→ Recorded data
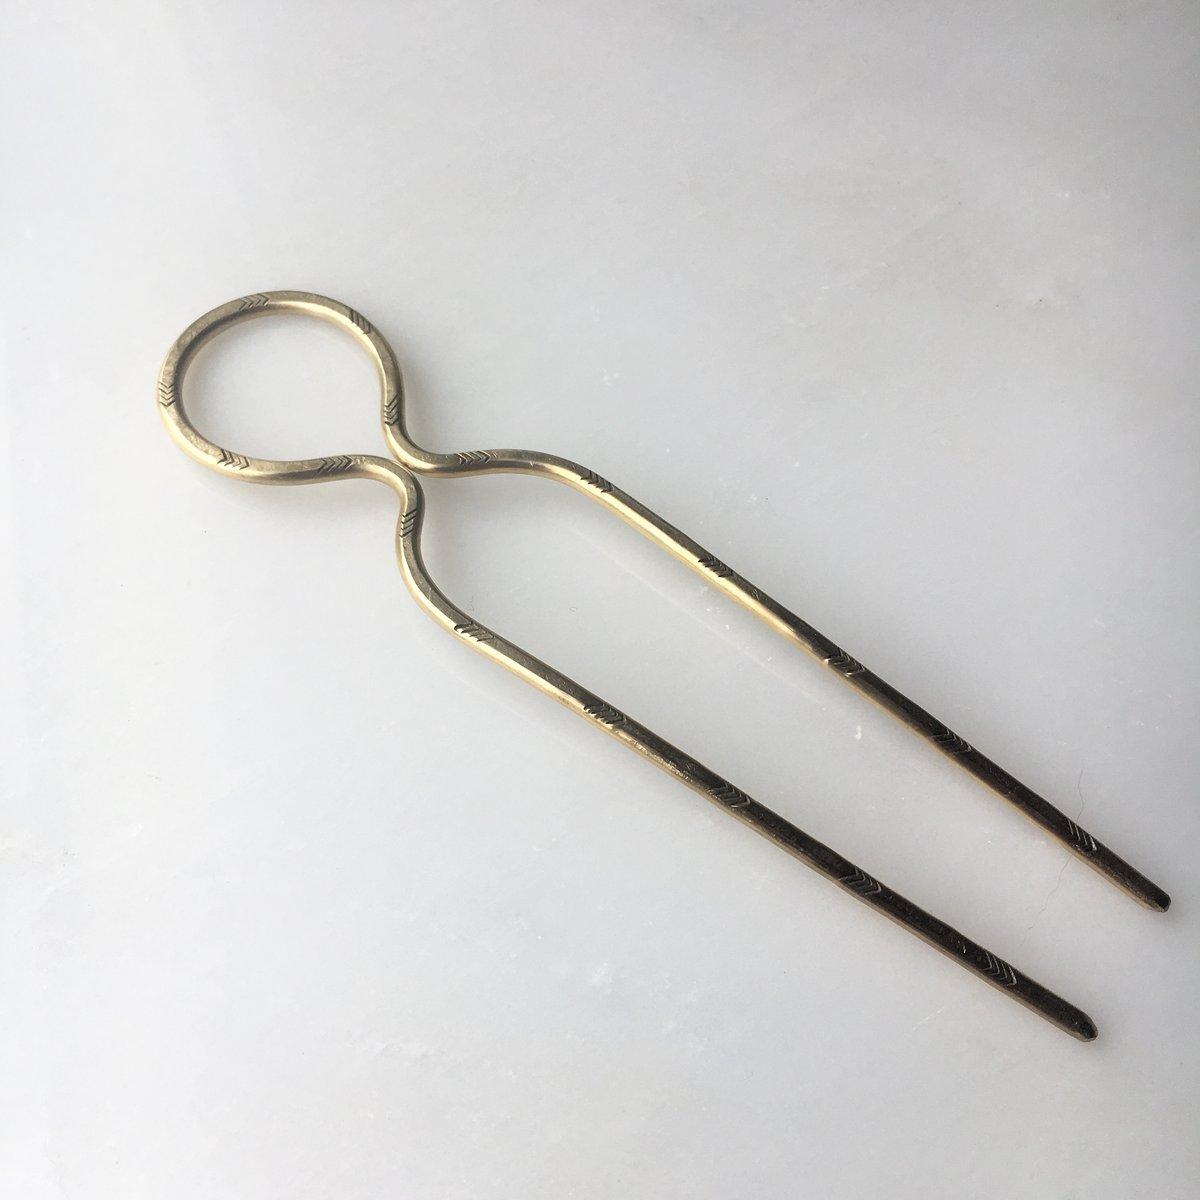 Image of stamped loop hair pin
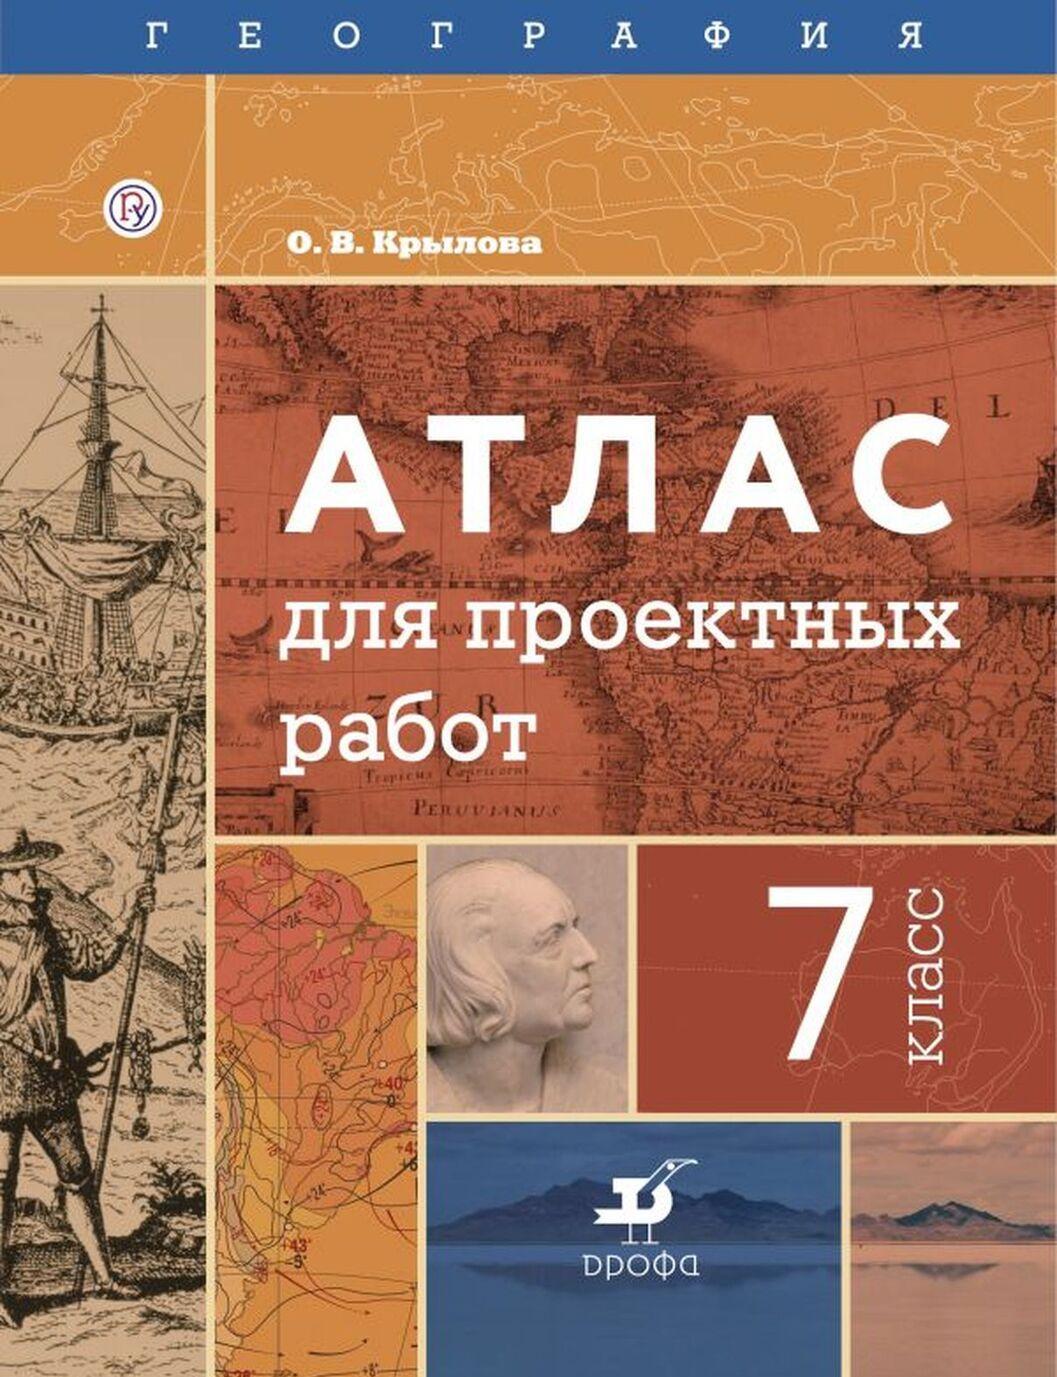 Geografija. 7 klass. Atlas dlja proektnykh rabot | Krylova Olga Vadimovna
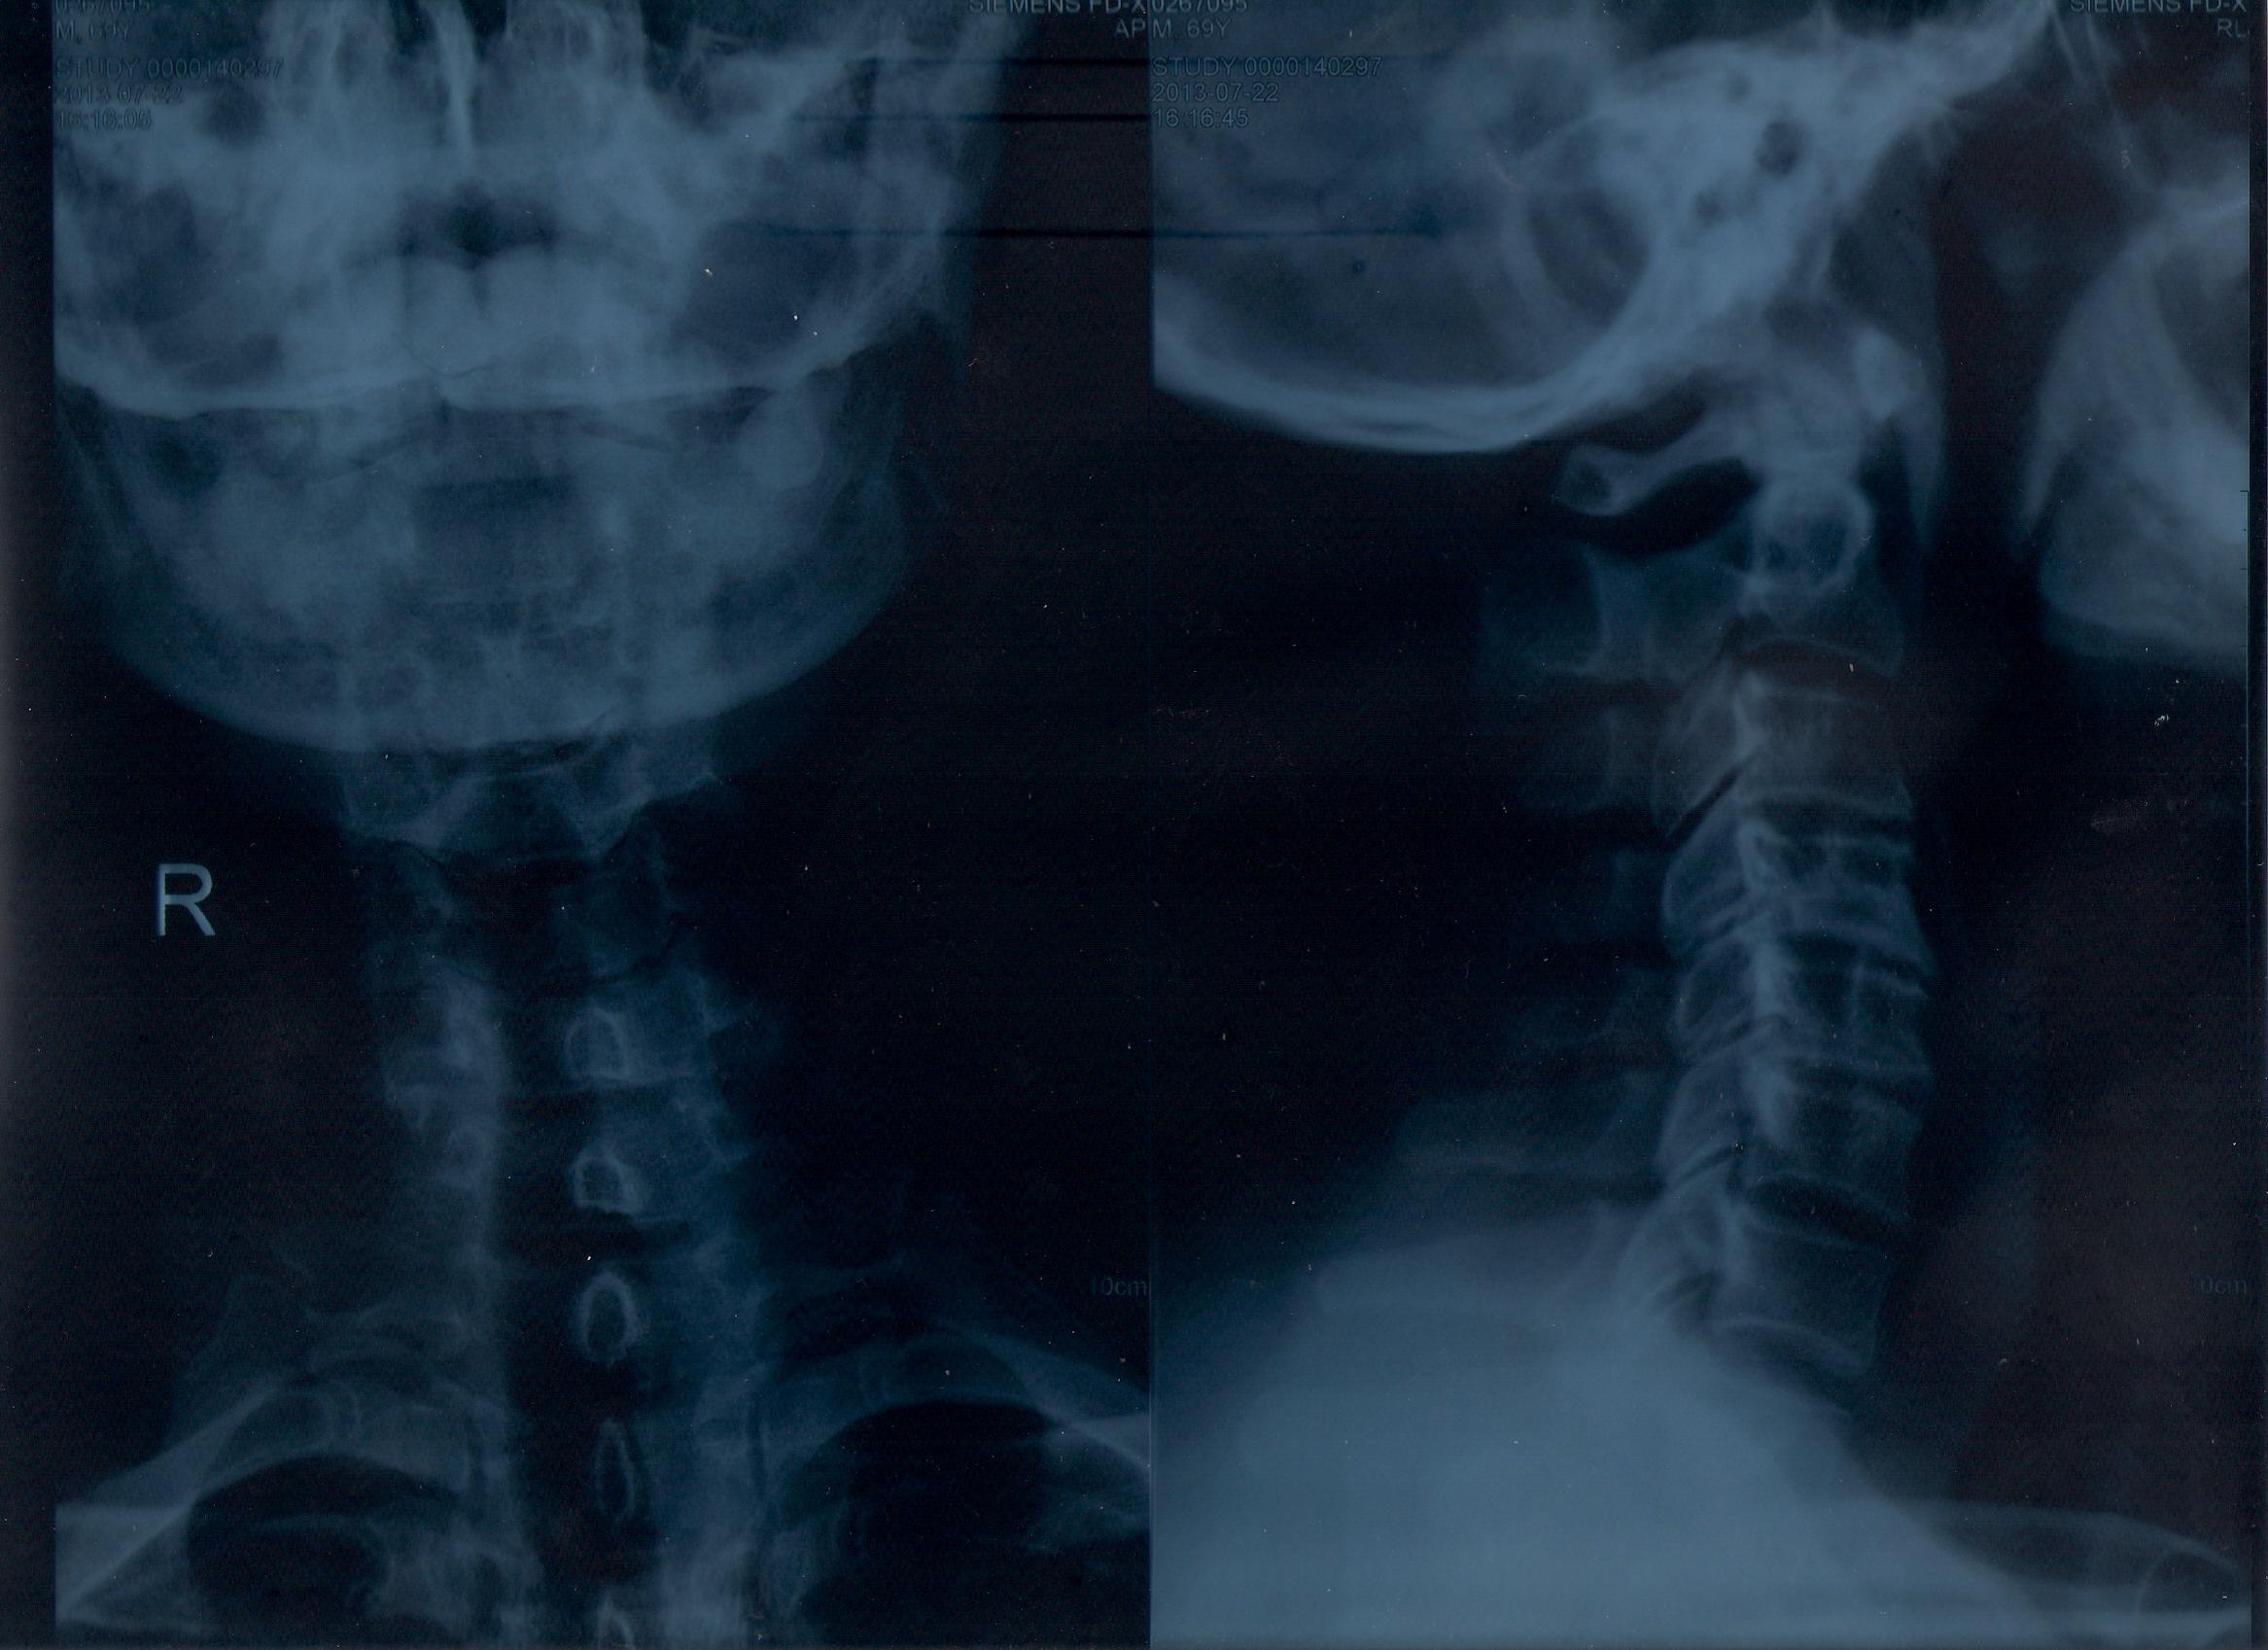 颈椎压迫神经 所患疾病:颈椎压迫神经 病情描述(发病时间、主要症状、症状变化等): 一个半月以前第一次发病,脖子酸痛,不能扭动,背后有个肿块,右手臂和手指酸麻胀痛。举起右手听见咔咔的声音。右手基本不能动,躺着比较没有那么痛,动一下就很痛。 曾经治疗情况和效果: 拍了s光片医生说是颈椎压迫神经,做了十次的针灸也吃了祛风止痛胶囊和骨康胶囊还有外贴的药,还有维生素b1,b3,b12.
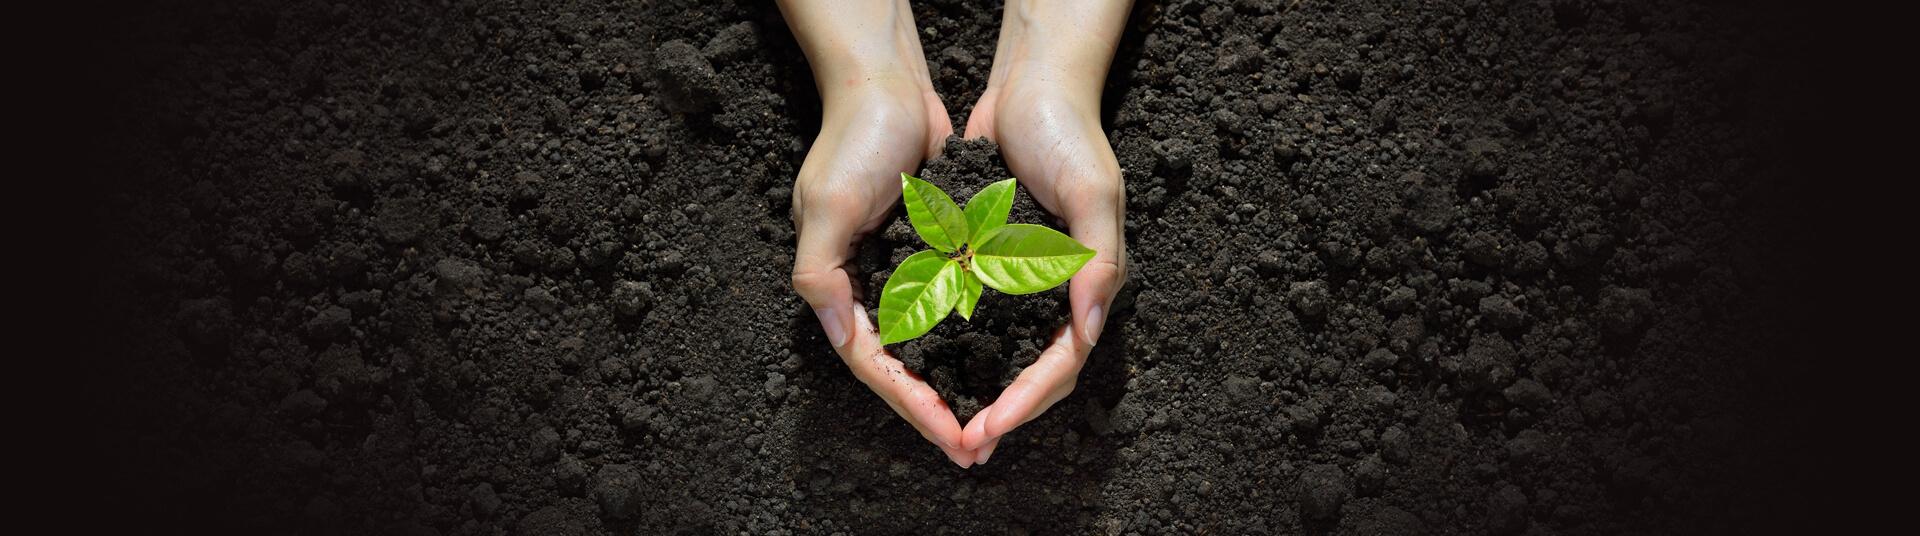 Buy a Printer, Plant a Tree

→ Exercise instructions
Return the full material word for word. Do not include the pictures.

→ Solution to the exercise
 Image of stamped loop hair pin
 Geografija. 7 klass. Atlas dlja proektnykh rabot | Krylova Olga Vadimovna
 颈椎压迫神经 所患疾病:颈椎压迫神经 病情描述(发病时间、主要症状、症状变化等): 一个半月以前第一次发病,脖子酸痛,不能扭动,背后有个肿块,右手臂和手指酸麻胀痛。举起右手听见咔咔的声音。右手基本不能动,躺着比较没有那么痛,动一下就很痛。 曾经治疗情况和效果: 拍了s光片医生说是颈椎压迫神经,做了十次的针灸也吃了祛风止痛胶囊和骨康胶囊还有外贴的药,还有维生素b1,b3,b12.
 Buy a Printer, Plant a Tree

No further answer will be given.